High temperature performance
Lithium cobalt oxide batteries are dangerous to operate at high temperatures (eg, 60°C). However, lithium iron phosphate batteries work better at high temperatures, providing an additional 10% capacity due to higher lithium-ion conductivity.
The main advantages of lithium iron phosphate batteries include:
●Like nickel-based rechargeable batteries (unlike other lithium-ion batteries), the discharge voltage of lithium iron phosphate batteries is very stable.
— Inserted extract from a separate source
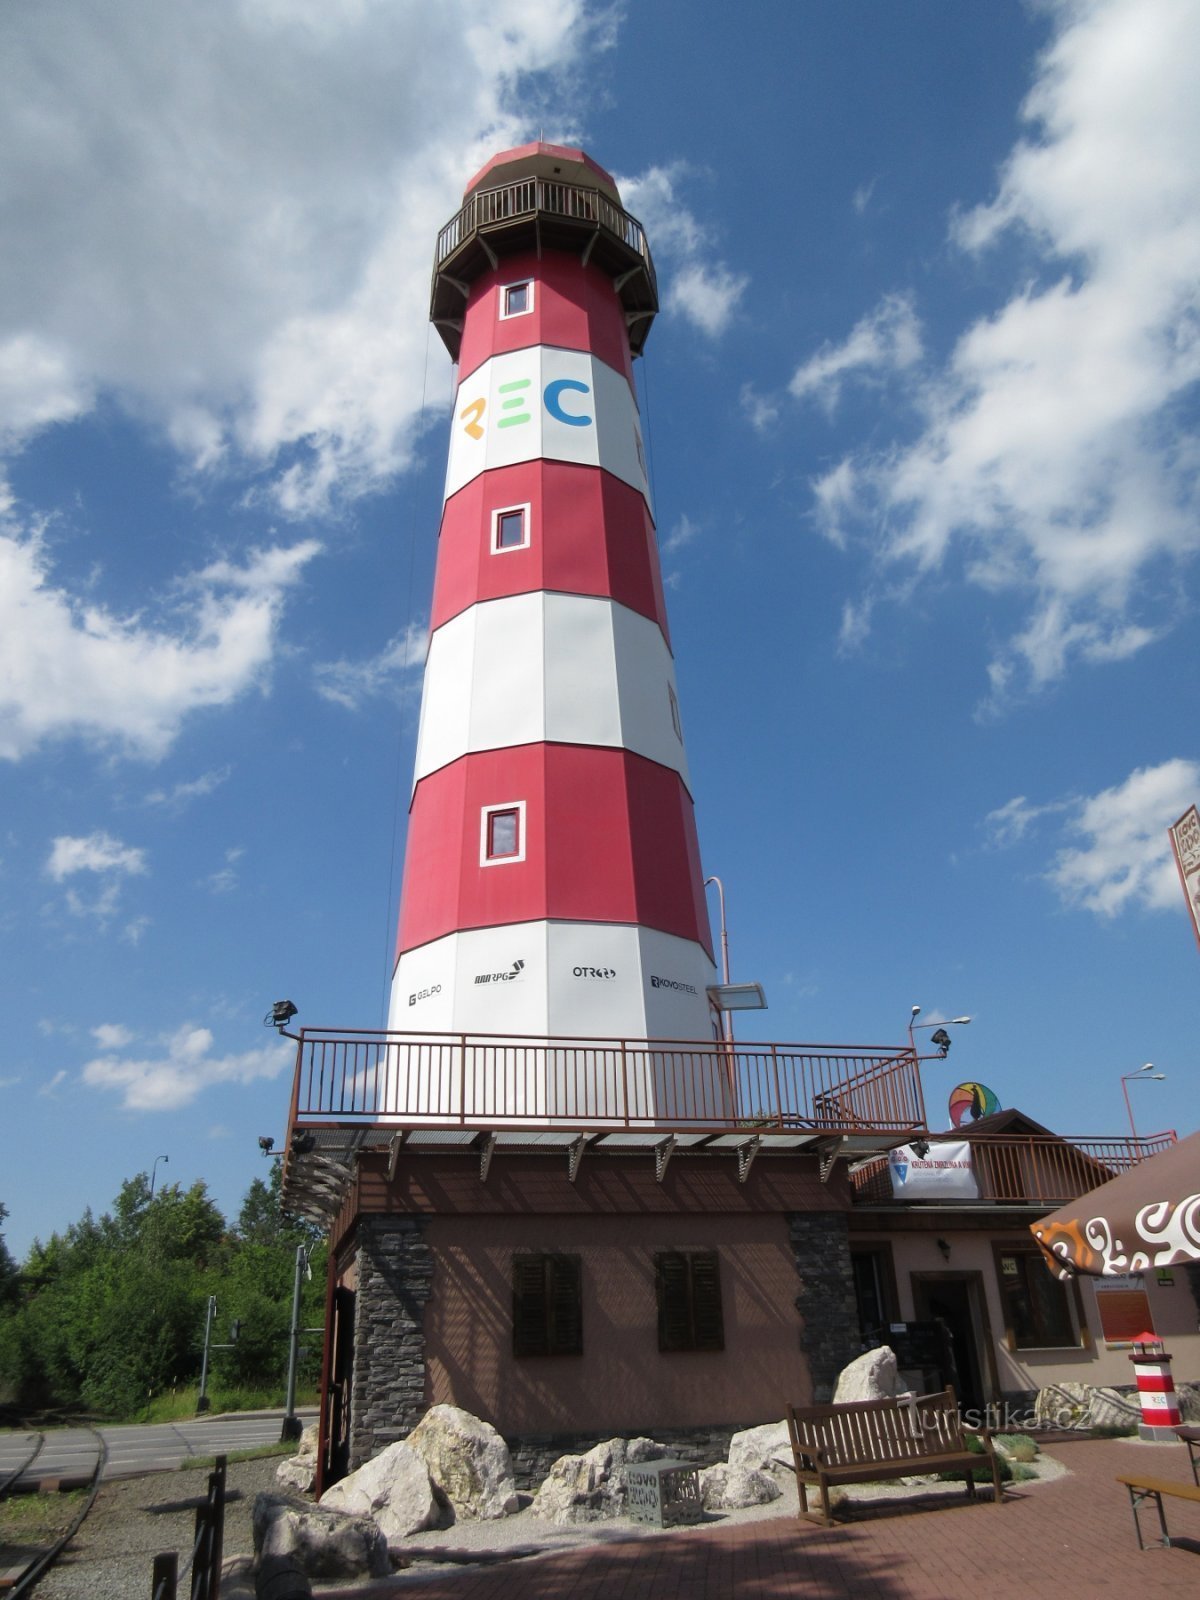 The Old Town and Šrotík lighthouse

The voltage remains around 3.2V during discharge until the cell is depleted.
●This allows the cells to provide almost full power before being fully discharged.
●It can greatly simplify or even eliminate the need for voltage regulator circuits.
● Lithium iron phosphate cells are extremely difficult to ignite when mishandled (especially during charging), although any fully charged battery can only dissipate the overcharged energy as heat. Therefore, it is still possible for the battery to fail due to misuse. Usually lithium iron phosphate batteries do not decompose at high temperatures.
• LiFePO4 cells have a slower rate of capacity loss (or longer shelf life) than Li-ion battery chemistries such as cobalt for lithium cobalt oxide or manganese for LiMn2O4.
● Because the energy density of lithium iron phosphate declines more slowly, after one year on the shelf, lithium iron phosphate batteries typically have roughly the same energy density as lithium cobalt oxide lithium ion batteries.